Ukrainian activist, adviser, lawyer, and YouTuber

Serhii Viacheslavovych Sternenko (Сергій Вʼячеславович Стерненко; born 20 March 1995) is a Ukrainian activist, adviser, lawyer, and YouTuber. As of 2025, his YouTube channel has over 2.03 million subscribers. He is the head of the non-government organization Nebayduzhi (Небайдужі), one of the founders of the People's Lustration, and a former board member and head of the Odesa regional branch of Right Sector, a coalition of right-wing groups that includes ultranationalist and far-right elements. He was an active participant in the Revolution of Dignity, including the 2014 Odesa clashes.

Sternenko was the target of four assassination attempts. In 2018, he became visible in the media after the third attempt. It is believed that the "manhunt" was organized by supporters of pro-Russian groups and their sympathizers.
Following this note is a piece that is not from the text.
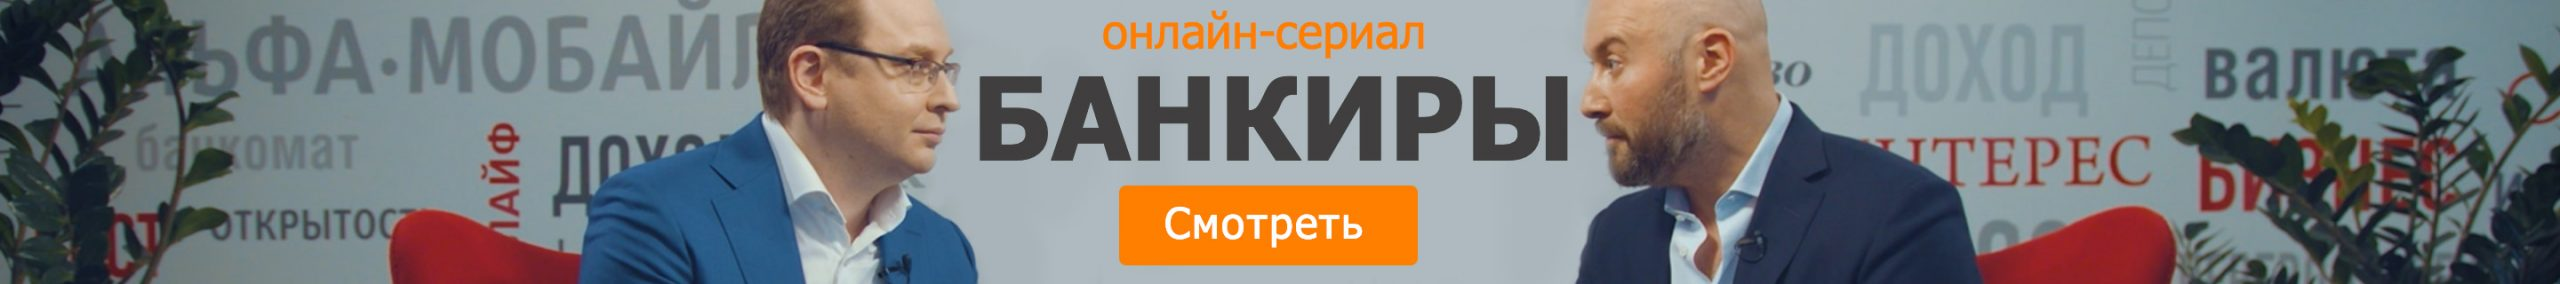 Банкиры. Майкл Тач, зампред, директор по розничному бизнесу Альфа-банка

During the incident, one of the two attackers died and the second fled abroad. As a result, Sternenko has been accused of exceeding the limits of self-defence. The police formally charged him with premeditated murder and possession of weapons without permit. However, Andrii Radionov, the senior prosecutor in the case, refused to sign the charges, claiming that the case and the evidence in the case are biased and do not comply with the legislation of Ukraine.

The case against Sternenko received considerable media attention and prompted hundreds of activists to gather near the court building in support of Sternenko. Hundreds of security officers were called upon to restrain the people.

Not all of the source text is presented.